I had the honor to team up with two of the brightest people I ever had a chance of working with: Kha Vo and Zidmie. In the end, we managed to secure ourselves the third spot and $5,000 and came out on top of over 2600 teams. The number one and two managed to find a leak in the private test data towards the end of the competition that we did not discover (only right after knowing of its existence). One other way to re-phrase this, is that we had the best non-leaky solution! In the end, we were able to find this leak ourselves in a short amount of time, which makes it even more frustrating…

This blog post will provide a detailed overview of our solution, and provides the insights that were required for us to come up with our solution. Below is a table of contents:

Introduction

Problem statement

Ion channels are pore-forming membrane proteins, present in animals and plants, that allow ions to pass through the channel pore. They encode learning and memory, help fight infections, enable pain signals, and stimulate muscle contraction. These ion channels can be recorded through patch clamp techniques and analyzed to infer certain properties of diseases.

Schematic diagram of an ion channel from Wikipedia.

The organizers describe the challenge as follows: “When ion channels open, they pass electric currents. Existing methods of detecting these state changes are slow and laborious. Humans must supervise the analysis, which imparts considerable bias, in addition to being tedious. These difficulties limit the volume of ion channel current analysis that can be used in research. Scientists hope that technology could enable rapid automatic detection of ion channel current events in raw data. Technology to analyze electrical data in cells has not changed significantly over the past 20 years. If we better understand ion channel activity, the research could impact many areas related to cell health and migration. From human diseases to how climate change affects plants, faster detection of ion channels could greatly accelerate solutions to major world problems.”

We can clearly see an increase in our current when ion channels open.

A look at the data & competition metric

The data provided to us is rather simple, which is one of the nice things about this competition. The data contains only three columns:

  • A timestamp
  • Ampere values (current) for each timestamp. These values were measured at a sampling frequency of 10 kHz.
  • The corresponding number of open channels at that timestamp (only provided for the train data).

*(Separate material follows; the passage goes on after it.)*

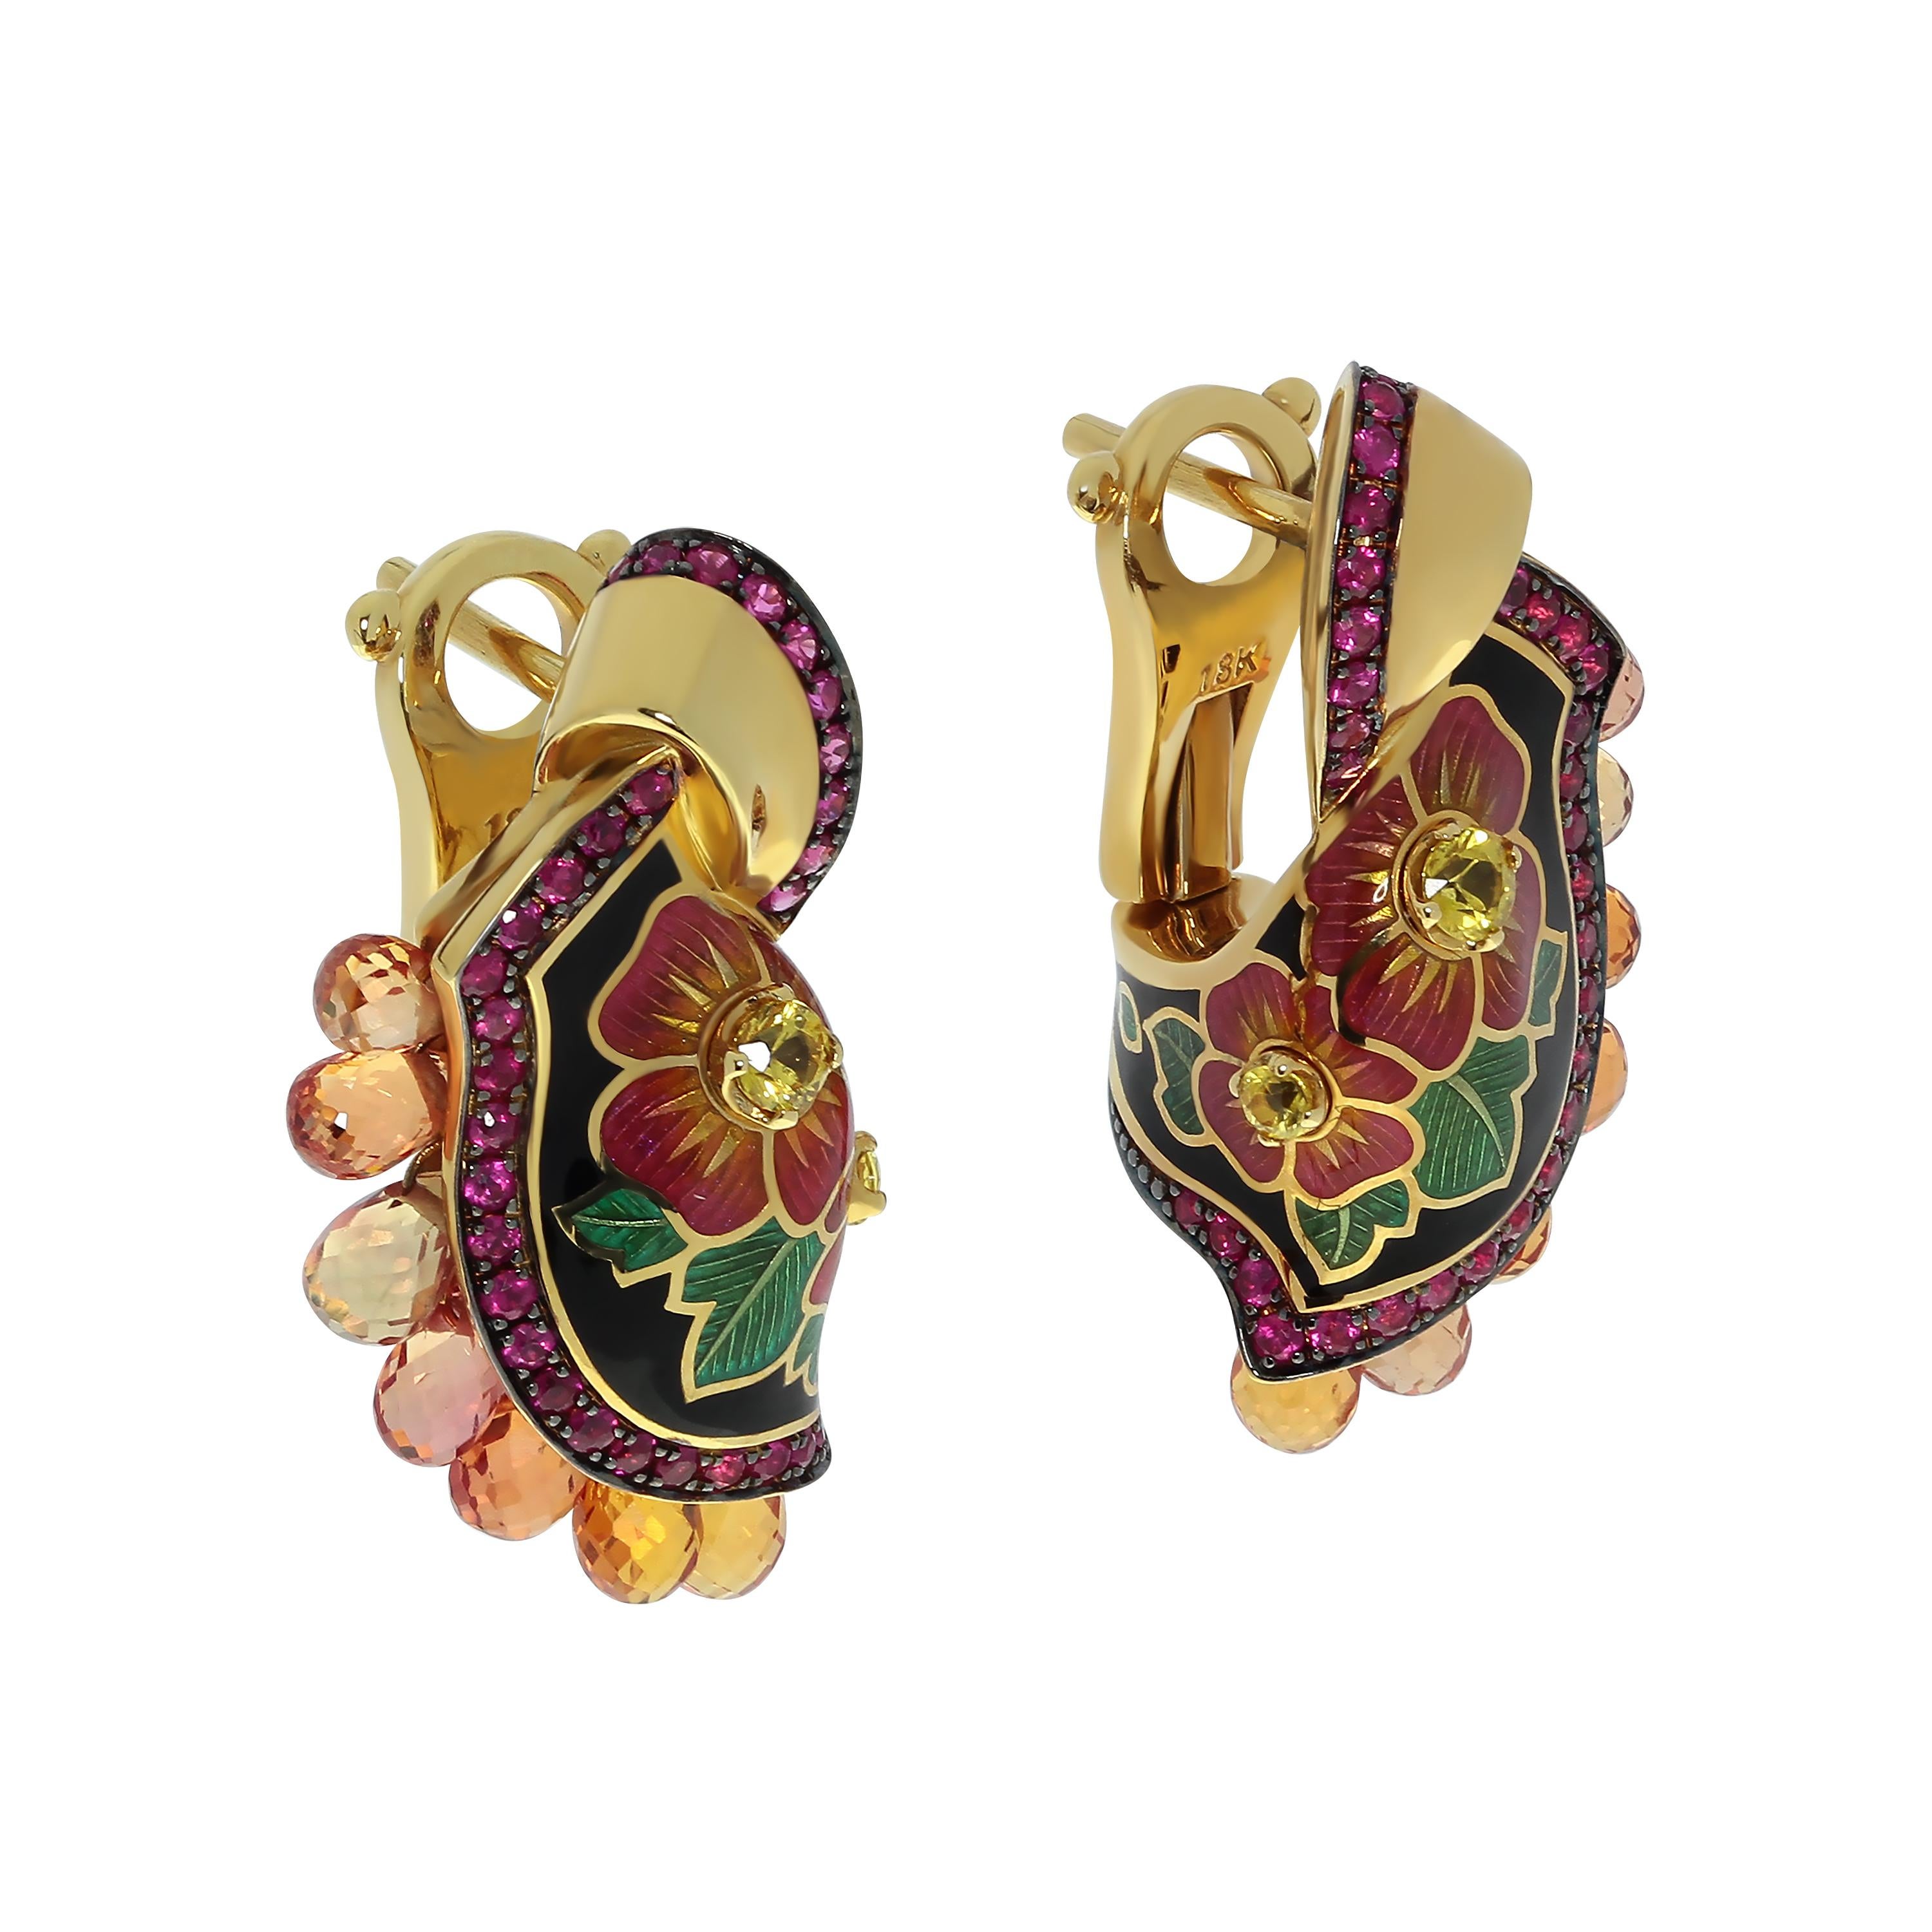 Sapphire Ruby  Enamel A'la Russe Small Earrings
What do you know about Pavlovo Posad shawls? This is a large part of Russian culture, which originated in the 17th century. They are large patterned scarves, which are usually presented as a gift to

The training dataset consists of 5 million rows while the testing dataset consists of 2 million rows. The goal of the competition is to maximize the macro F1-score on those 2 million rows. The F1 score of a certain class is defined as the harmonic average of the precision and recall:

The “macro” F1 is simply the average F1 score per class. So if we would have K classes, we would calculate K F1 scores and then take the mean of those K scores. If we inspect the provided data, we can already conclude a few interesting things…

The provided original data (train and test)

First, by inspecting the open channels in the training data, we can see that the data consists of batches of 500K measurements. We can see these transitions in batches in the electrical signal as well. In the test set, we can find batches of 100K. Moreover, as it turns out, the batches of 500K in the training set actually consist of 5x 100K batches.

The training consists of multiple batches of 500K. Taken from “One Feature Model” by Chris Deotte.

By inspecting the open channels in the training set more, we can find five different groups in the training set:

  • A group with open channels either equal to 0 or 1. With many 0’s and a few 1’s. (category 1)
  • A group with open channels equal to 0 or 1. Many 1’s, few 0’s. (category 2)
  • A group of open channels equal to 0, 1, 2, 3. (category 3)
  • A group of open channels equal to 0, 1, 2, 3, 4, 5. (category 4)
  • A group of open channels equal to 0, 1, 2, 3, 4, 5, 6, 7, 8, 9, 10. (category 5)
  • Surprisingly, the test data contained a lot of data that looked very similar to category 1, but had some spikes in the electrical signal that do not appear in the train data. Hence, we classify these as a separate category (category 6)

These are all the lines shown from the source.